Tool	Side effect	Description
`read_file`	read	Read a file with line numbers
`write_file`	write	Write a file, creating directories as needed
`edit_file`	write	Replace an exact string in a file (must be unique)
`list_directory`	read	List files and directories
`bash`	execute	Run a shell command, return stdout + stderr

All built-ins are opt-in via ToolConfig.enabled_builtins.

Custom tools

from agent import Agent
from agent.tools.schema import SideEffect, ToolSpec

agent = Agent()

# Decorator style
@agent.registry.register(
    name="fetch_url",
    description="Fetch the contents of a URL",
    side_effects=[SideEffect.NETWORK],
)
async def fetch_url(url: str) -> str:
    import httpx
    async with httpx.AsyncClient() as client:
        r = await client.get(url)
        return r.text

# Or explicit ToolSpec (with prompt metadata for the system prompt)
agent.registry.add(ToolSpec(
    name="count_lines",
    description="Count the lines in a file",
    prompt_snippet="Count lines in a file",
    prompt_guidelines=["Use count_lines instead of bash wc -l."],
    input_schema={
        "type": "object",
        "properties": {"path": {"type": "string"}},
        "required": ["path"],
    },
    side_effects=[SideEffect.READ],
    handler=lambda path: str(sum(1 for _ in open(path))),
))

Sessions and persistence

Sessions are automatically saved as JSONL files. Every event (messages, tool calls, results, metadata) is persisted. Each session carries a session_id, a run_id (refreshed on resume), and a trace_id (stable for the lifetime of the session object).

from agent import Agent
from agent.memory.session_store import SessionStore

agent = Agent()
store = SessionStore(".agent/sessions")

# First run
session = await agent.run("Write a Python script that sorts a CSV")
store.save(session)
print(session.session_id)  # e.g. "a3f1b2c4d5e6f7a8"
print(session.trace_id)    # stable identifier for logging / tracing

# Resume later
session = store.load("a3f1b2c4d5e6f7a8")
session = await agent.run("Now add error handling", session=session)

# List all sessions
print(store.list_sessions())

# Compact a long session to its most recent 200 events
store.compact("a3f1b2c4d5e6f7a8", max_events=200)

From the CLI, resume a session by passing --session (or -s) to any interactive command:

aar chat --session a3f1b2c4d5e6f7a8
aar run "add error handling" --session a3f1b2c4d5e6f7a8
aar tui --session a3f1b2c4d5e6f7a8

Event model

The agent emits typed events you can subscribe to:

from agent.core.events import AssistantMessage, ToolCall, ToolResult, EventType

def on_event(event):
    if isinstance(event, ToolCall):
        print(f"-> {event.tool_name}({event.arguments})")
    elif isinstance(event, ToolResult) and event.is_error:
        print(f"FAIL {event.tool_name}: {event.output}")
    elif isinstance(event, AssistantMessage):
        print(event.content)

agent.on_event(on_event)
session = await agent.run("Do something")

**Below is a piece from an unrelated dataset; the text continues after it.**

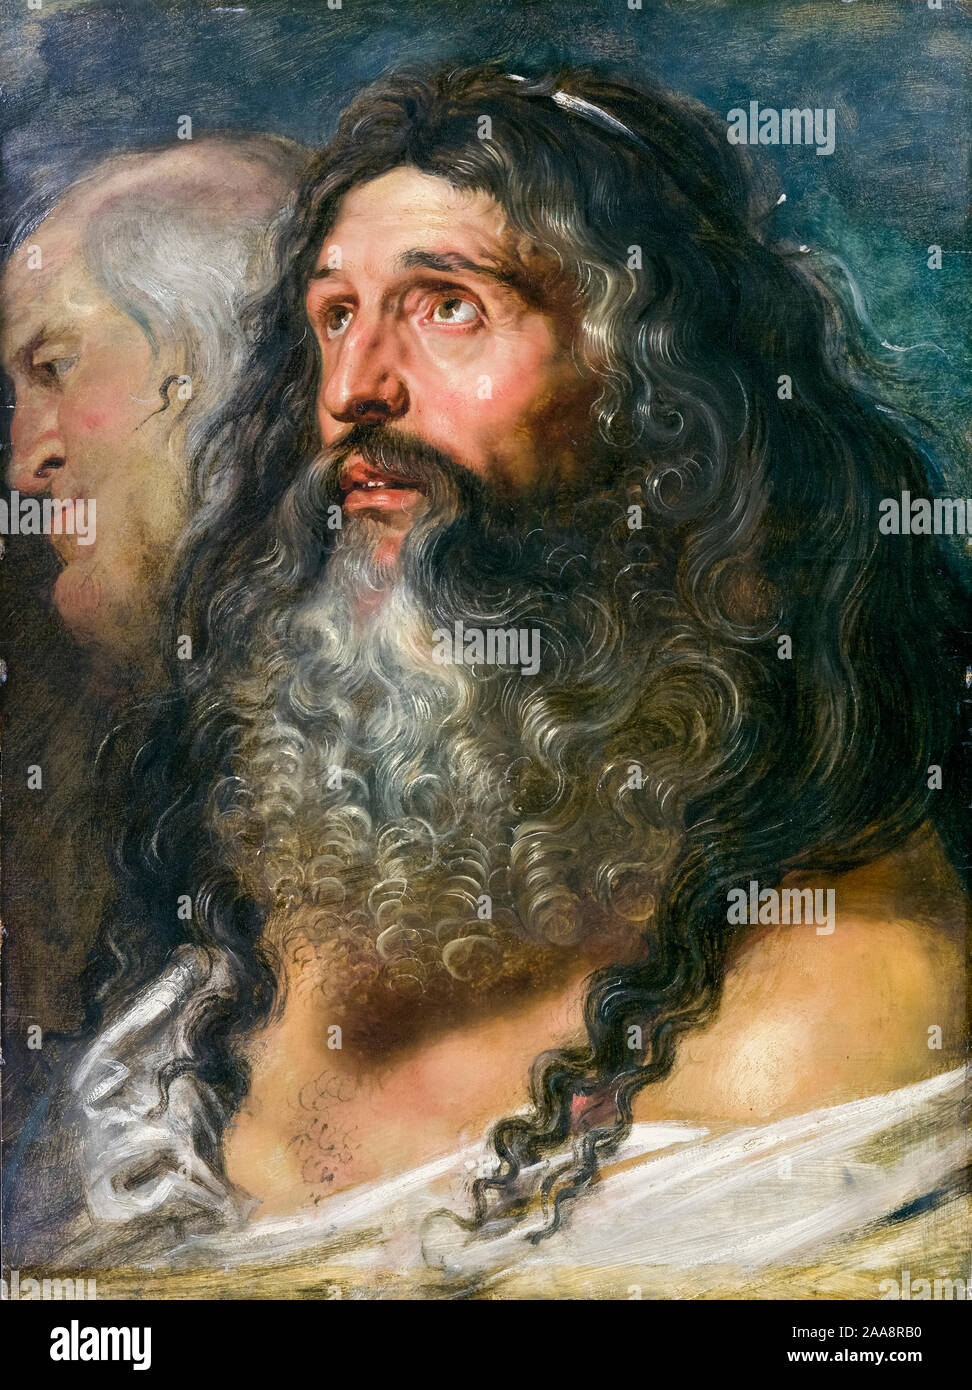 Peter Paul Rubens, étude de deux têtes, portrait, 1609 Banque D'Images

Use agent.off_event(callback) to unsubscribe a previously registered callback. Multiple callbacks are supported and called in registration order; a failing callback is logged and does not prevent subsequent callbacks from firing.

Event types: user_message, assistant_message, tool_call, tool_result, reasoning, provider_meta, error, session.

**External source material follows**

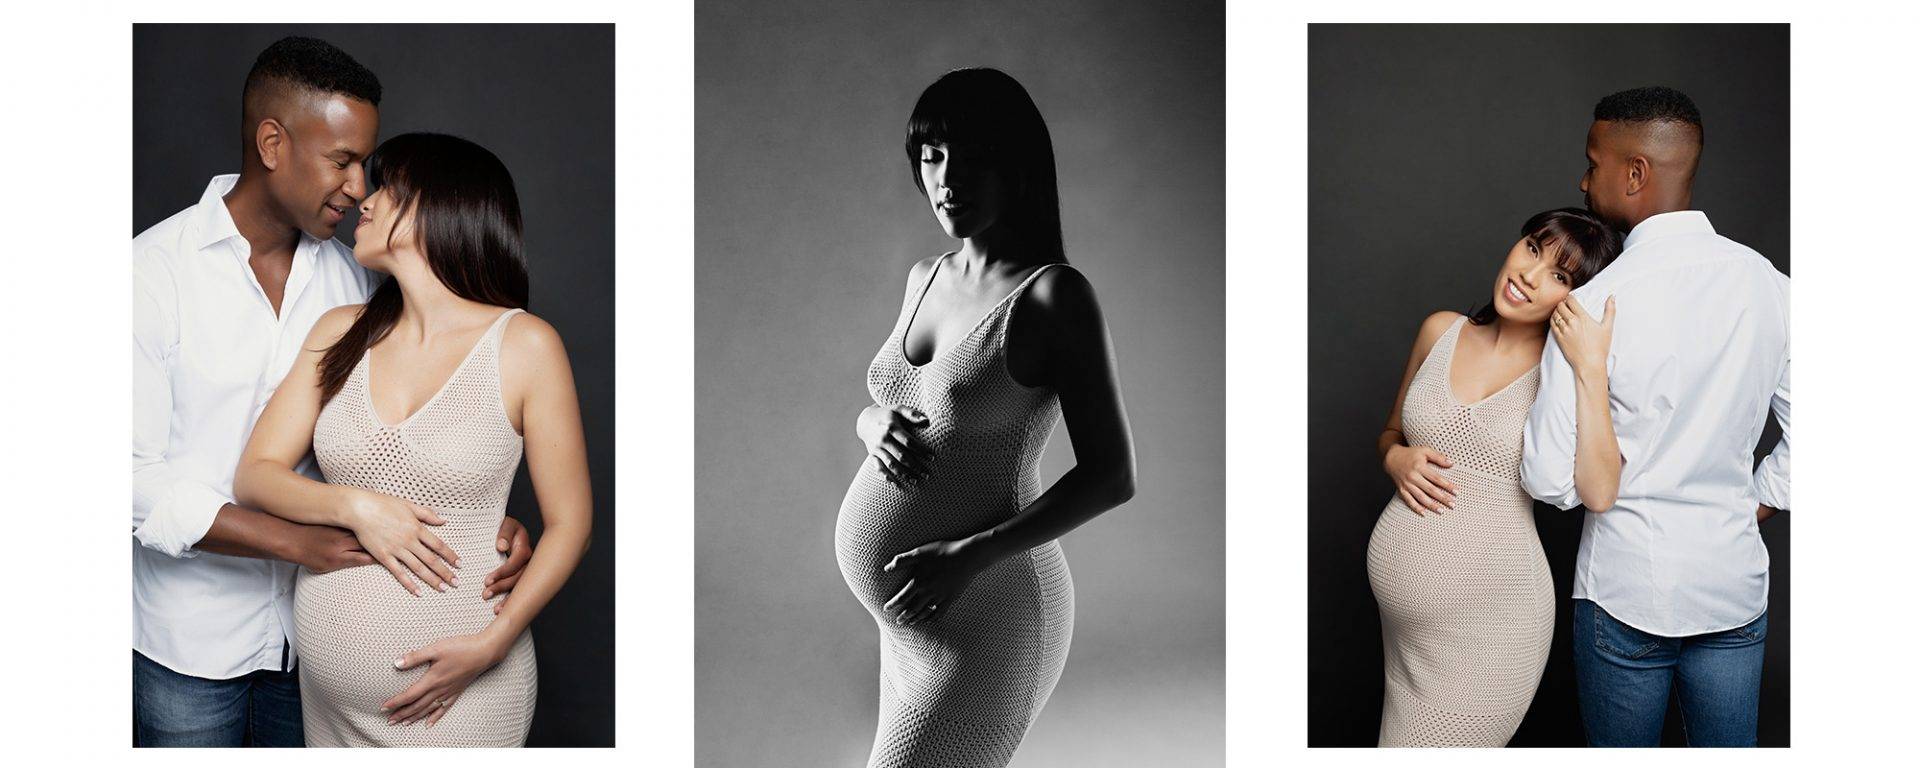 Couple maternity photos in studio.

Timing fields are populated automatically by the runtime:

ProviderMeta.duration_ms — wall time for the provider API call
ToolResult.duration_ms — wall time for tool execution

Cancellation

Pass an asyncio.Event to stop the loop cooperatively between steps:

import asyncio
from agent.core.loop import run_loop

cancel = asyncio.Event()

# Cancel from another coroutine or thread
asyncio.get_event_loop().call_later(5.0, cancel.set)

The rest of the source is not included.